Ensure that the following python modules are installed. Note for Rescomp (BMRC, Oxford) users: These modules are already available using the Rescomp ‘module load’ system and need not be installed locally. However to enable access to these modules (load) you MUST run analysis using the BCR_TCR_Wrapper_Cluster.sh job submission script.

  • Sys
  • Collections
  • Os
  • Operator
  • networkx

6. R Modules (optional analysis):

Ensure that the following R packages are installed:

  • tidyverse
  • ggplot2
  • data.table
  • foreach
  • doParallel
  • gridExtra
  • cowplot
  • optparse
  • Gvis
  • gtools

7. Locations of Dependencies:

  • To ensure the pipeline can call the dependencies edit: “BCR_TCR_PROCESSING_PIPELINE/Locations_of_called_programmes.txt” file, providing the full path to correct locations of your versions of:
  • Reference library of genes and primers (already compiled for you)
  • CD-HIT (from above)
  • FLASH (from above)
  • Quasr (4) (from above)
  • Blast (from above)

8. Create Log Files Directory

  • When using the BCR_TCR_Wrapper_Cluster.sh wrapper all log files will be output to a directory called COMMANDLOGS within the current working directory (directory containing pipeline). However this must be created prior to running the job submission wrapper using the following bash script e.g.:
    cd path_to/BCR_TCR_PROCESSING_PIPELINE mkdir COMMANDLOGS

References

If you find Immune-Network-Generation useful, please cite reference #2 (R. J. Bashford-Rogers et al., 2019).
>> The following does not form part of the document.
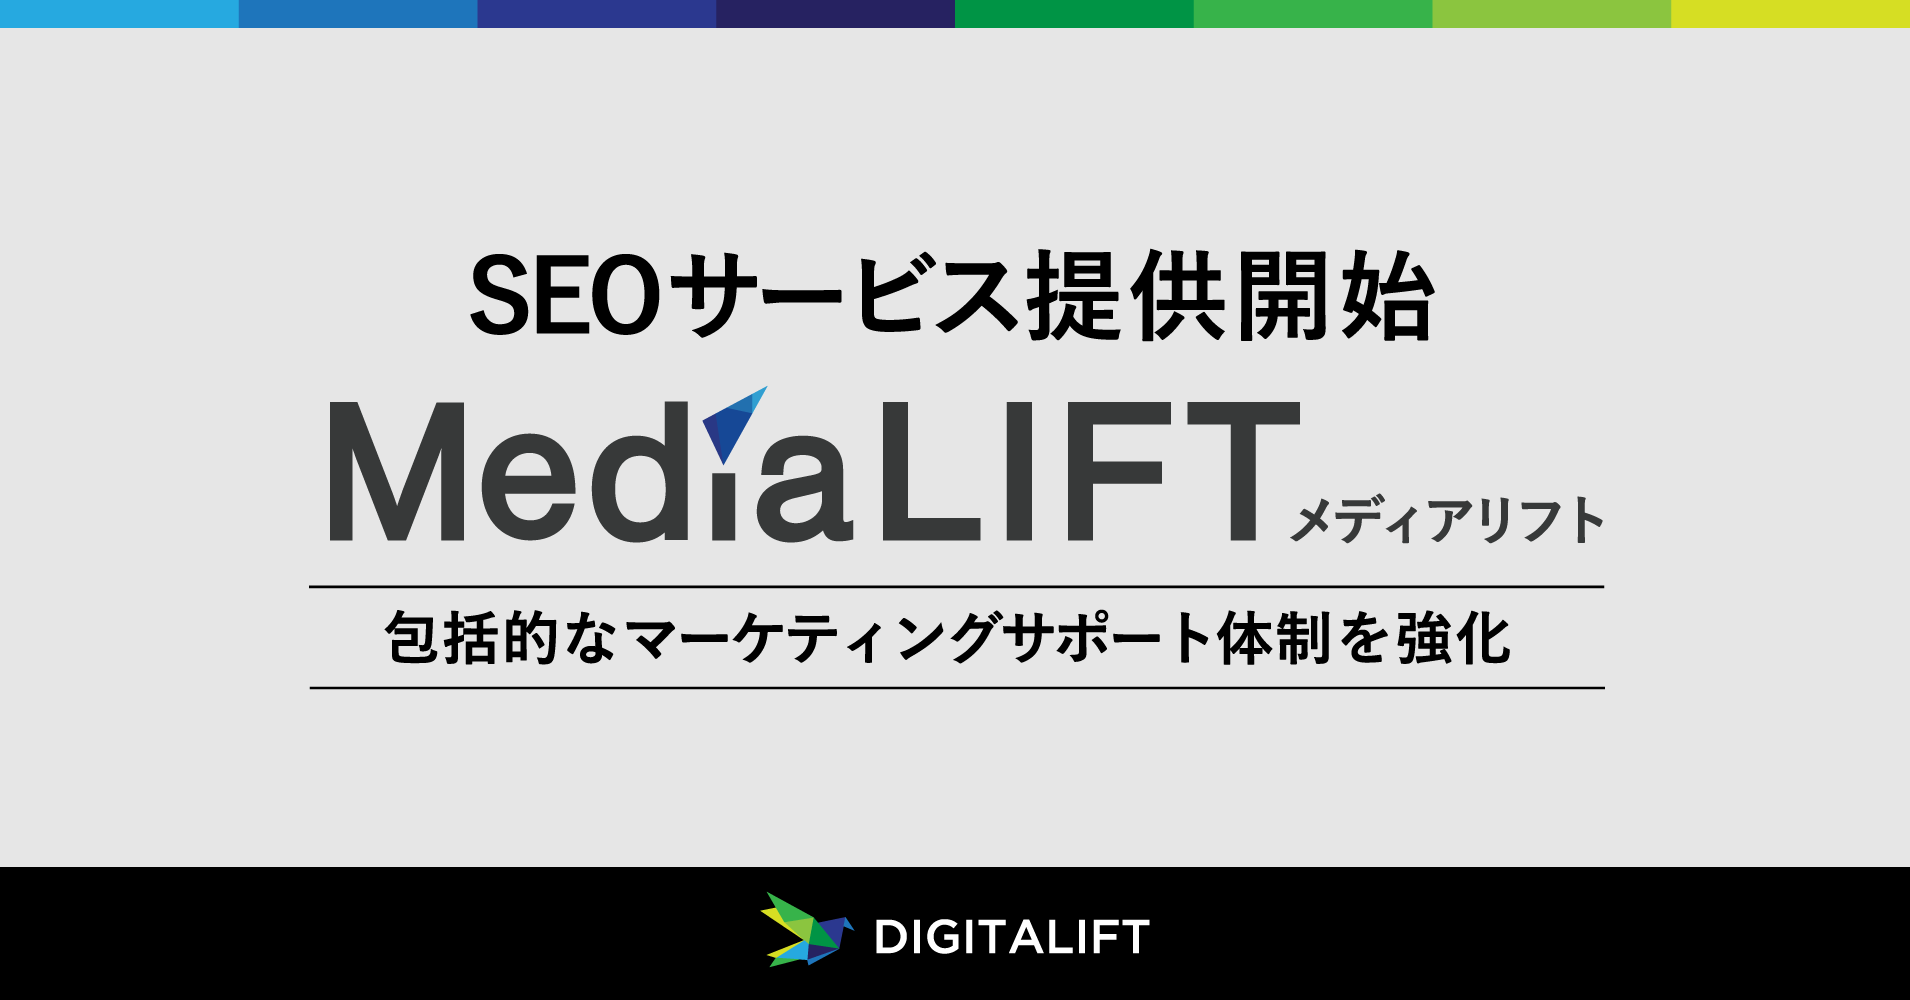 デジタリフト、SEOサービス「Media LIFT」の提供を開始
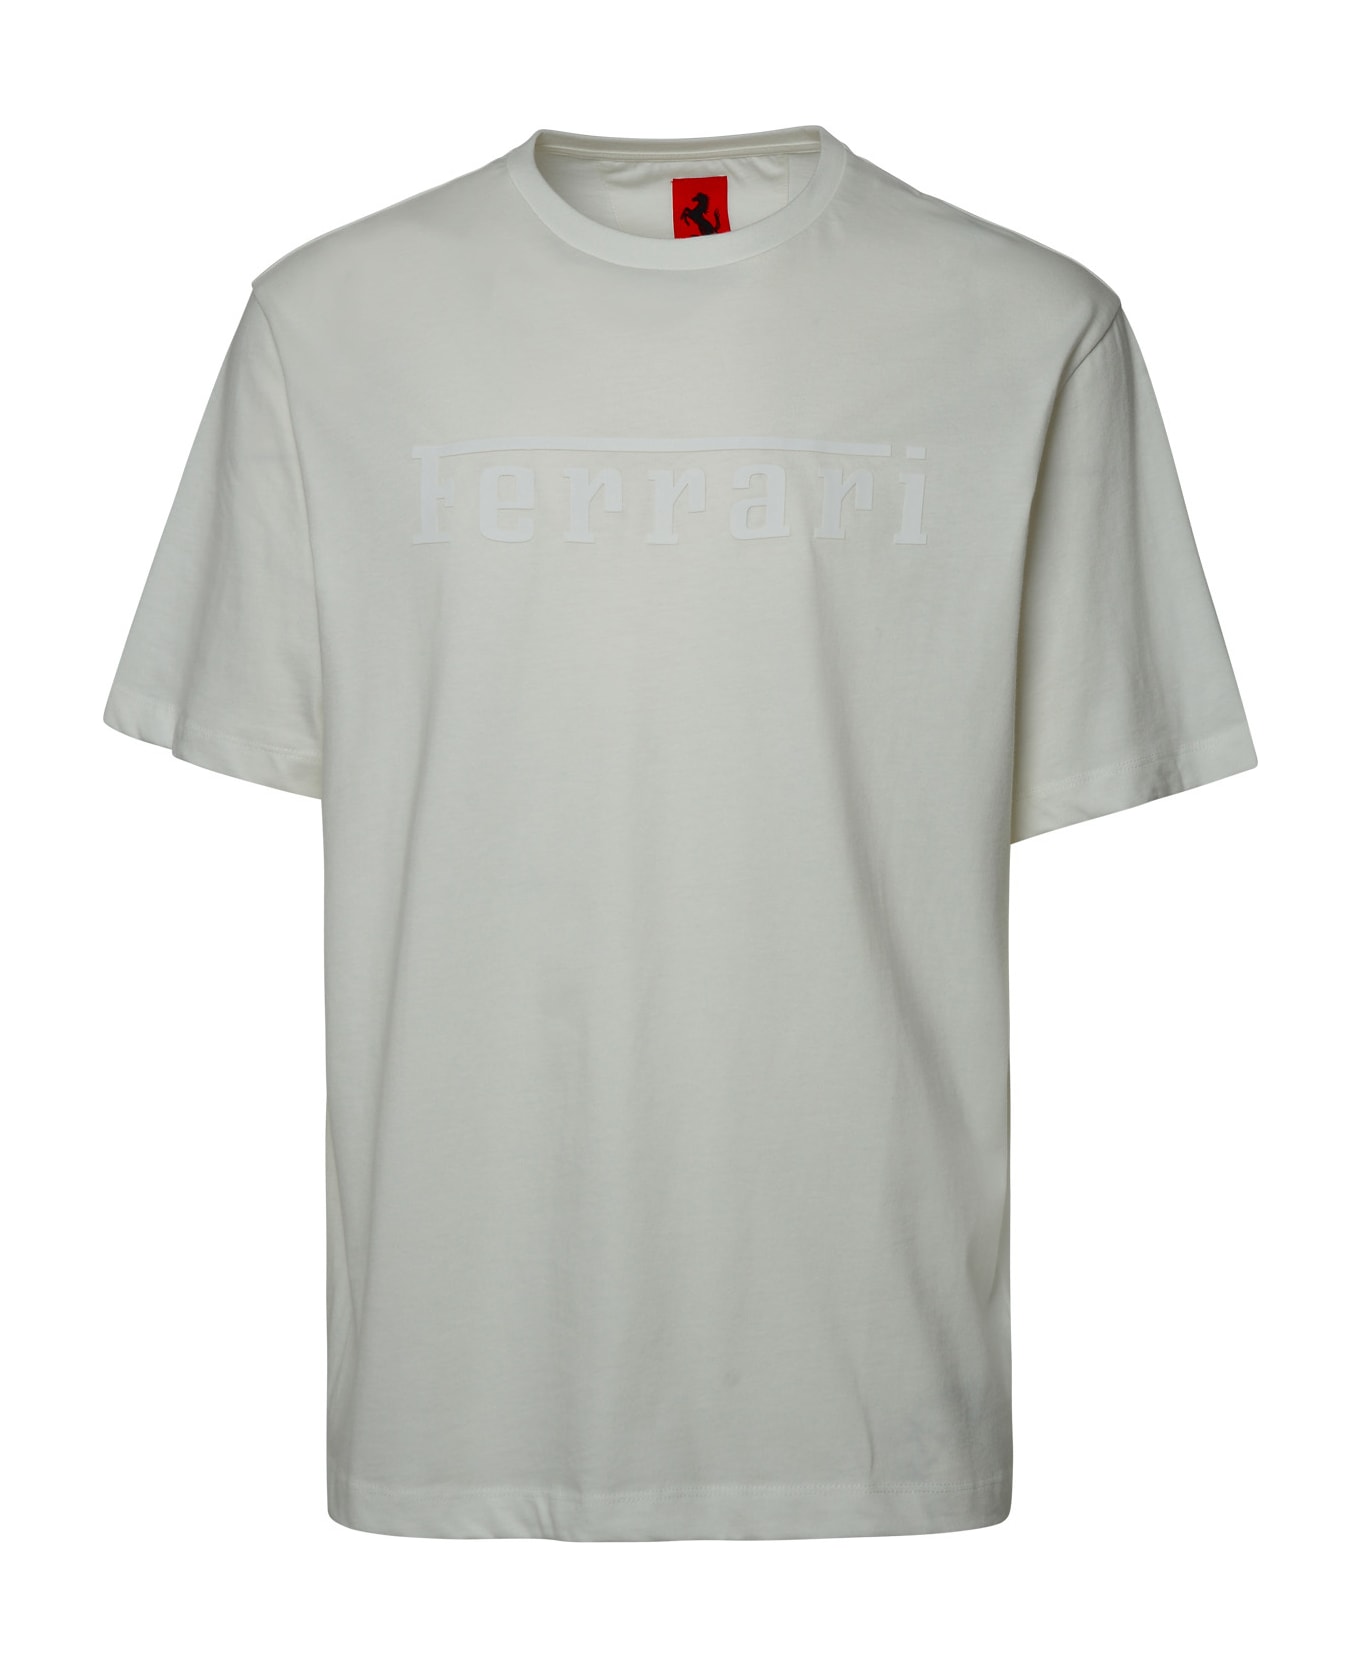 Ferrari White Cotton T-shirt - WHITE シャツ

  1. R. J. Bashford-Rogers et al., Network properties derived from deep sequencing of human B-cell receptor repertoires delineate B-cell populations. Genome Res 23, 1874-1884 (2013).
  2. R. J. M. Bashford-Rogers et al., Analysis of the B cell receptor repertoire in six immune-mediated diseases. Nature, (2019).
  3. W. Li, A. Godzik, Cd-hit: a fast program for clustering and comparing large sets of protein or nucleotide sequences. Bioinformatics 22, 1658-1659 (2006).
  4. S. J. Watson et al., Viral population analysis and minority-variant detection using short read next-generation sequencing. Philos Trans R Soc Lond B Biol Sci 368, 20120205 (2013).
  5. T. Magoc, S. L. Salzberg, FLASH: fast length adjustment of short reads to improve genome assemblies. Bioinformatics 27, 2957-2963 (2011).